Заметим, что эти рассказы повторяются не раз – может быть не с прежней восторженностью. Так, 3 января 1942 г. Е. Мухина вновь мечтает о светлой и сытной жизни после снятия блокады – на этот раз вместе с матерью (она умрет от голода через несколько недель): «Мы решили, что обязательно нажарим много, много свиных шкварок и будем в горячее сало прямо макать хлеб и еще мы решили побольше кушать лука. Питаться самыми дешевыми кашами, заправленными обильным количеством жареного лука, такого румяного, сочного, пропитанного маслом. Еще мы решили печь овсяные, перловые, ячневые, чечевичные блины и многое, многое другое» [1629] .
1629
Мухина Е. Дневник. 3 января 1942 г.: ЦГАИПД СПб. Ф. 4000. Оп. 11. Д. 72. Л. 72 об.
«Довлеет дневи злоба его». Теперь, после нескольких недель непрекращающейся голодовки, отмечаются даже не изысканные яства (впрочем, и в предыдущей «гастрономической» записи таких не очень много), а то, что едят каждый день, дешевые, «простые» каши. Ими можно легче «заместить» недостающее – они более осязаемы в блокадной повседневности.
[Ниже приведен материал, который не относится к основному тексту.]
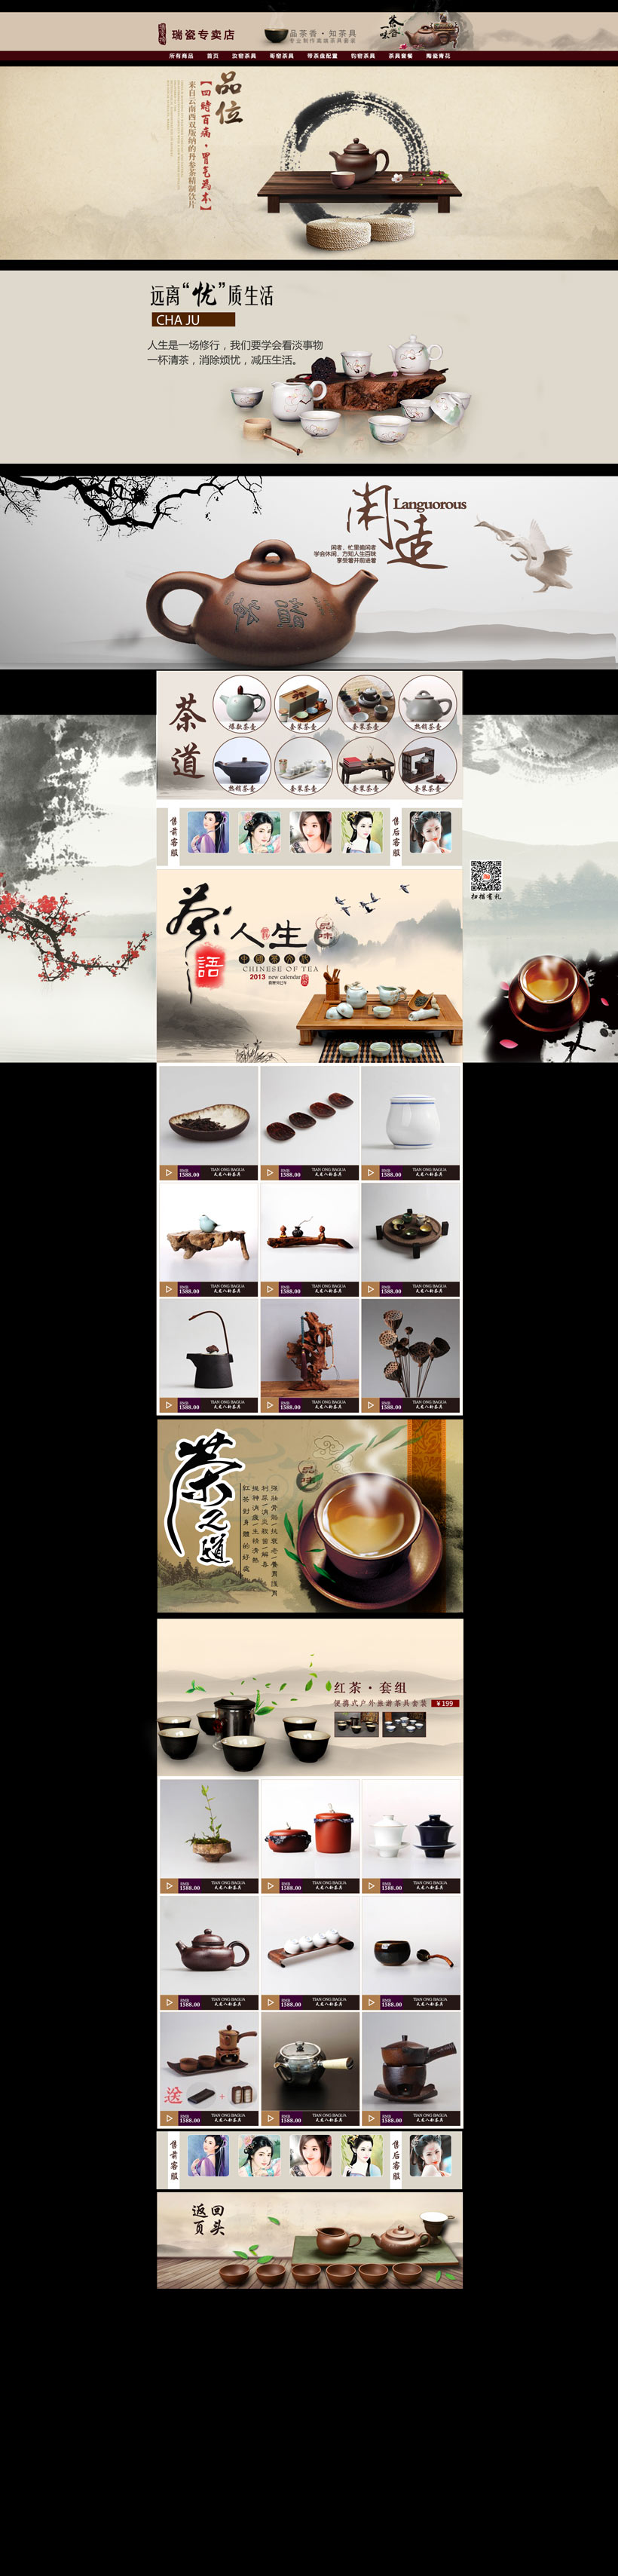 淘宝品质茶叶促销页面设计psd素材

Доминанта остается прежней – обилие еды, но не той, разнообразной, из далекой прошлой жизни, а еды, ставшей обычной, именно той, которую сейчас постоянно делят, и чью нехватку ощущали вчера, ощущают сегодня и будут ощущать завтра. «После победы обязательно сварим чечевичной каши и наедимся», – мечтали мать с дочерью, получавшие от родственницы, работавшей в госпитале, кусочки этой каши в банке [1630] . Ничего другого, более вкусного, у них не было – только это, которое они ждали с нетерпением и которое неизбежно стало главным блюдом на будущих «пиршествах» [1631] .
1630
Вотинцева В. Г. 1941–1942 год.: ОР РНБ. Ф. 1273. Л. 2.
1631
См. запись в дневнике Т. К. Великотной: «Папа все время мечтало каше из любой крупы. Он говорил мне каждую ночь, что перед уходом на работу заведем обычай есть кашу» (Великотная Т. К. Дневник нашей печальной жизни в 1942 г. С. 86).
Трудно сказать, все ли разговоры о будущем ограничивались только едой – свидетельств очень мало. Как правило, блокадники описывали детали ожидаемого послевоенного бытия более скупо и менее эмоционально – иногда одной-двумя строчками [1632] . Дневник Е. Мухиной в этом отношении все-таки уникален. Воспользуемся им еще раз, чтобы отметить своеобразие тех картин лучшей жизни, которые рисовались в воображении людей «смертного времени».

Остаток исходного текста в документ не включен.